__Exercise__
The pictures get dropped, while every remaining part of the listing is copied exactly.

__Stored data__

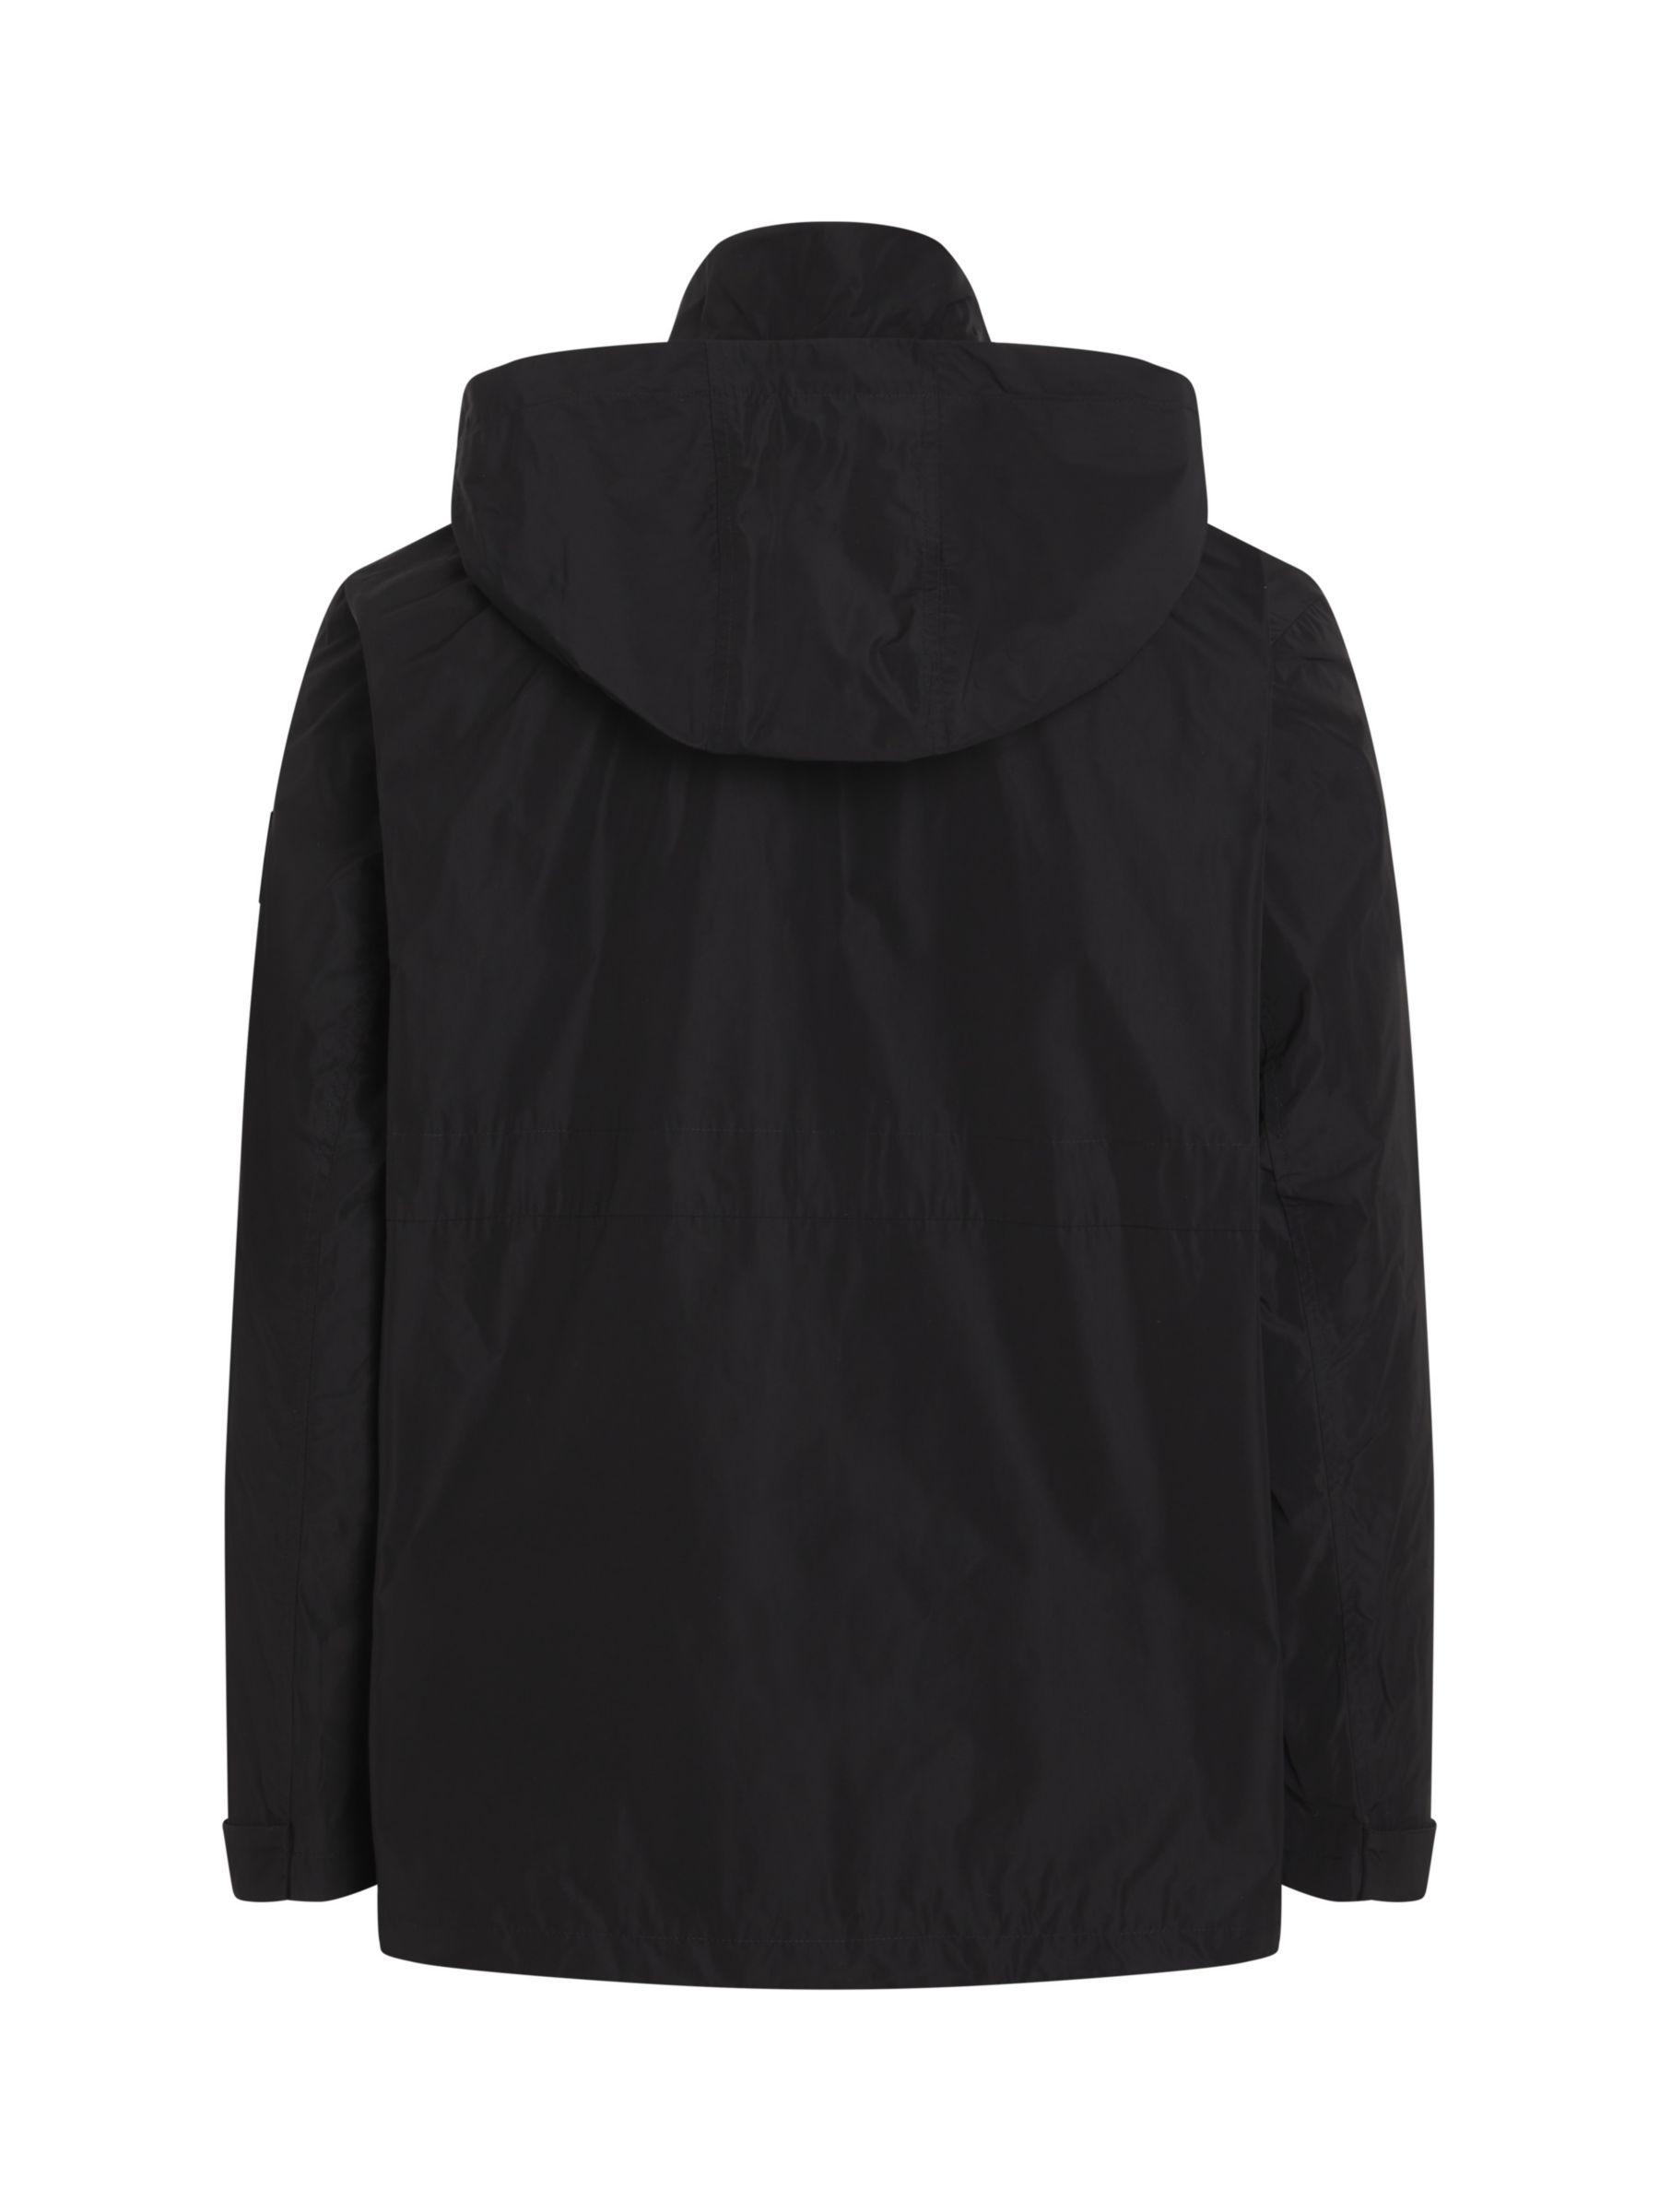 Calvin Klein Modern Hooded Windbreaker Jacket, Ck Black, L
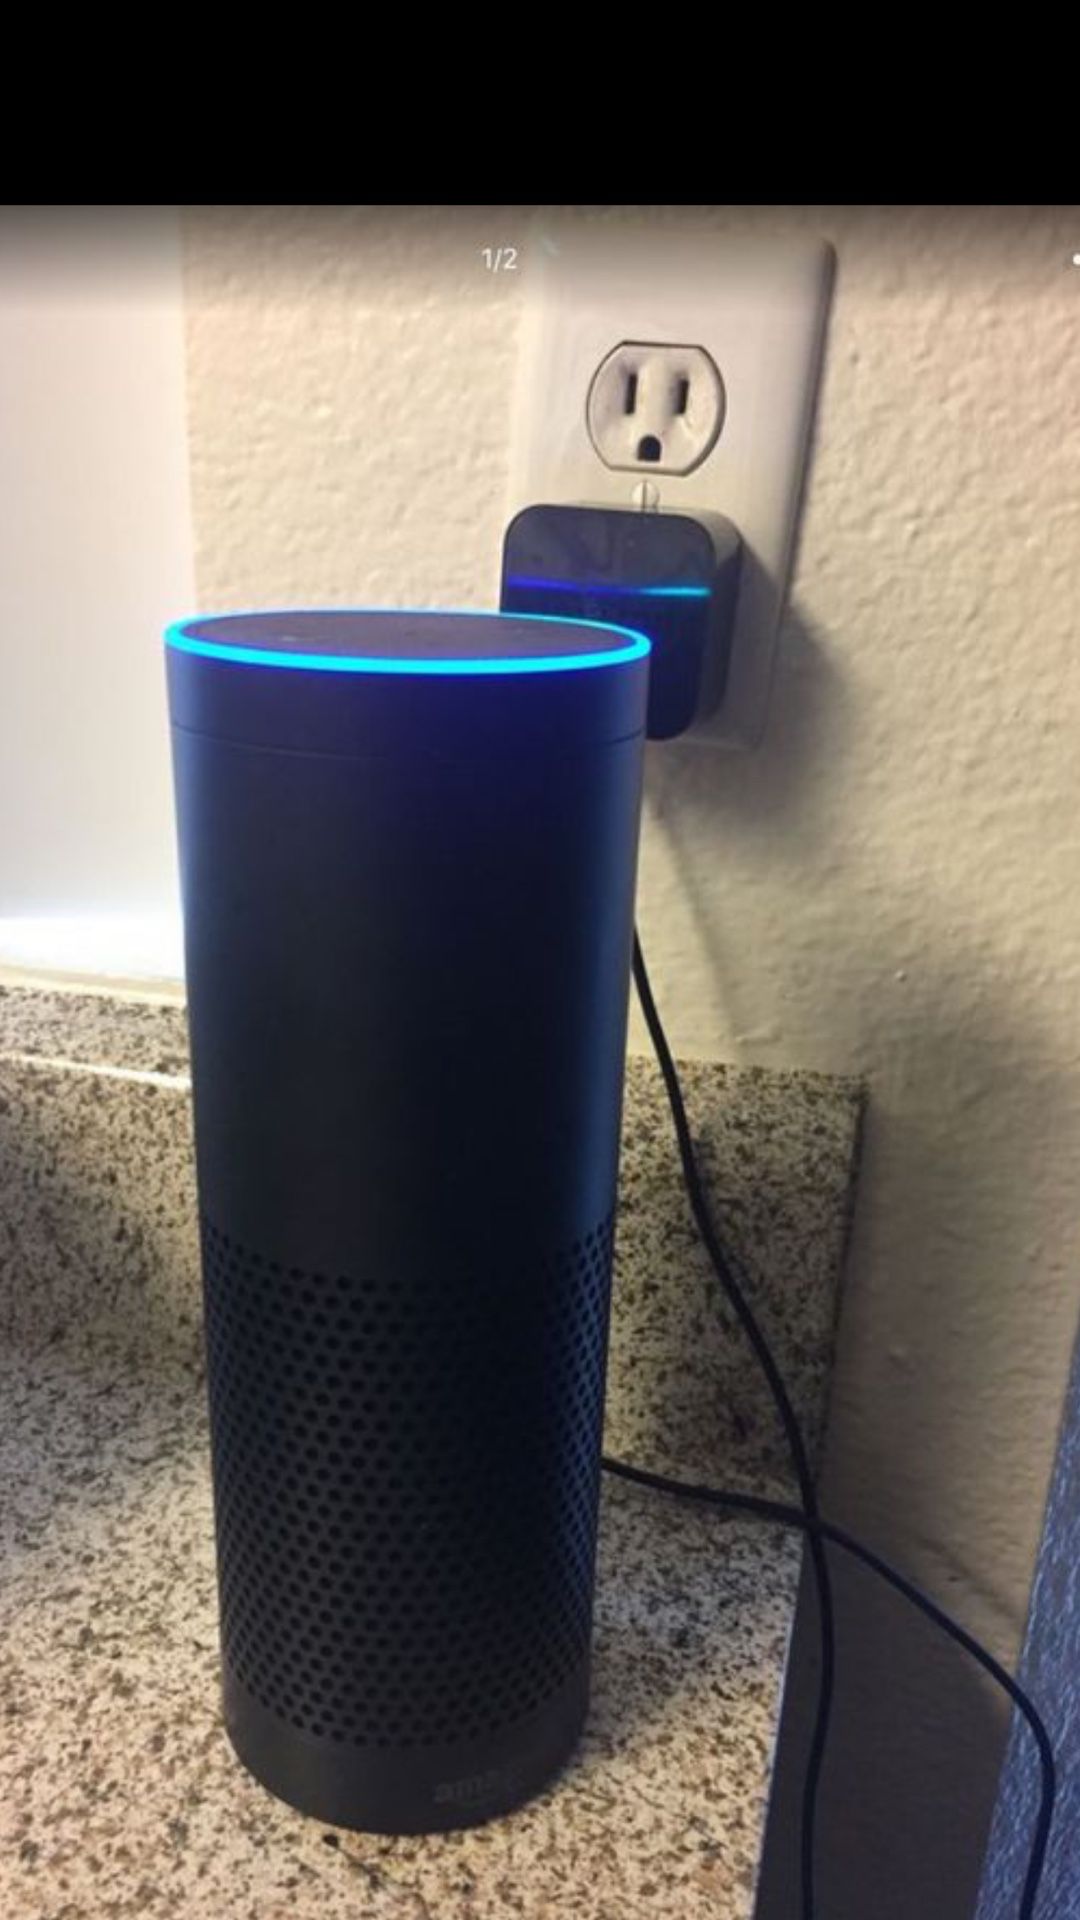 Amazon Echo Speaker With Alexa
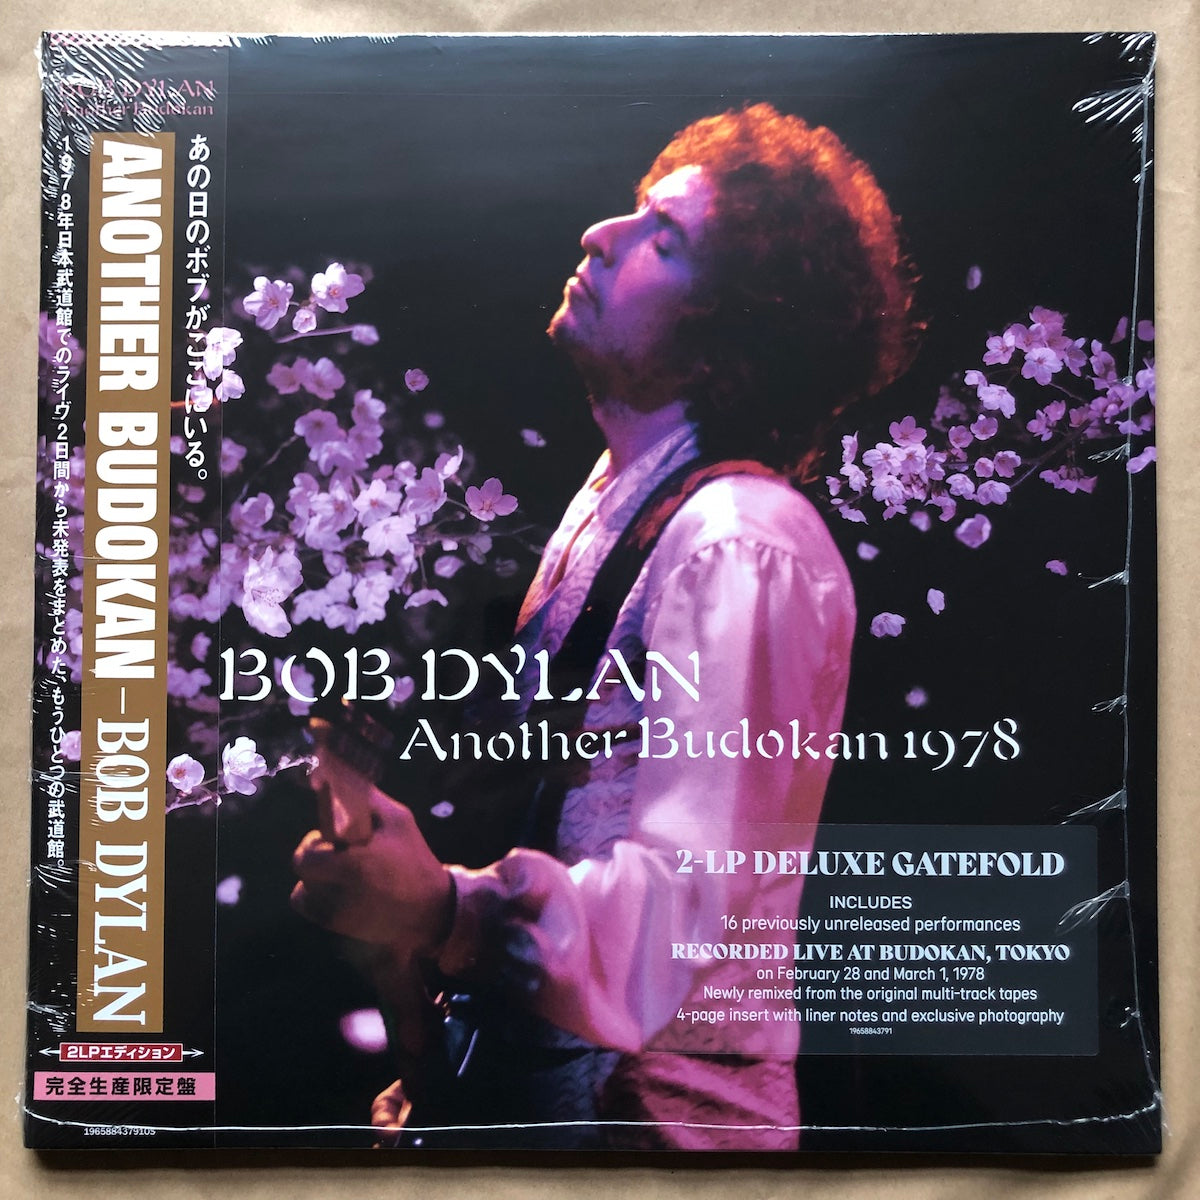 Another Budokan 1978: Double Vinyl LP

__Written solution__
 Calvin Klein Modern Hooded Windbreaker Jacket, Ck Black, L
 Amazon Echo Speaker With Alexa
 Another Budokan 1978: Double Vinyl LP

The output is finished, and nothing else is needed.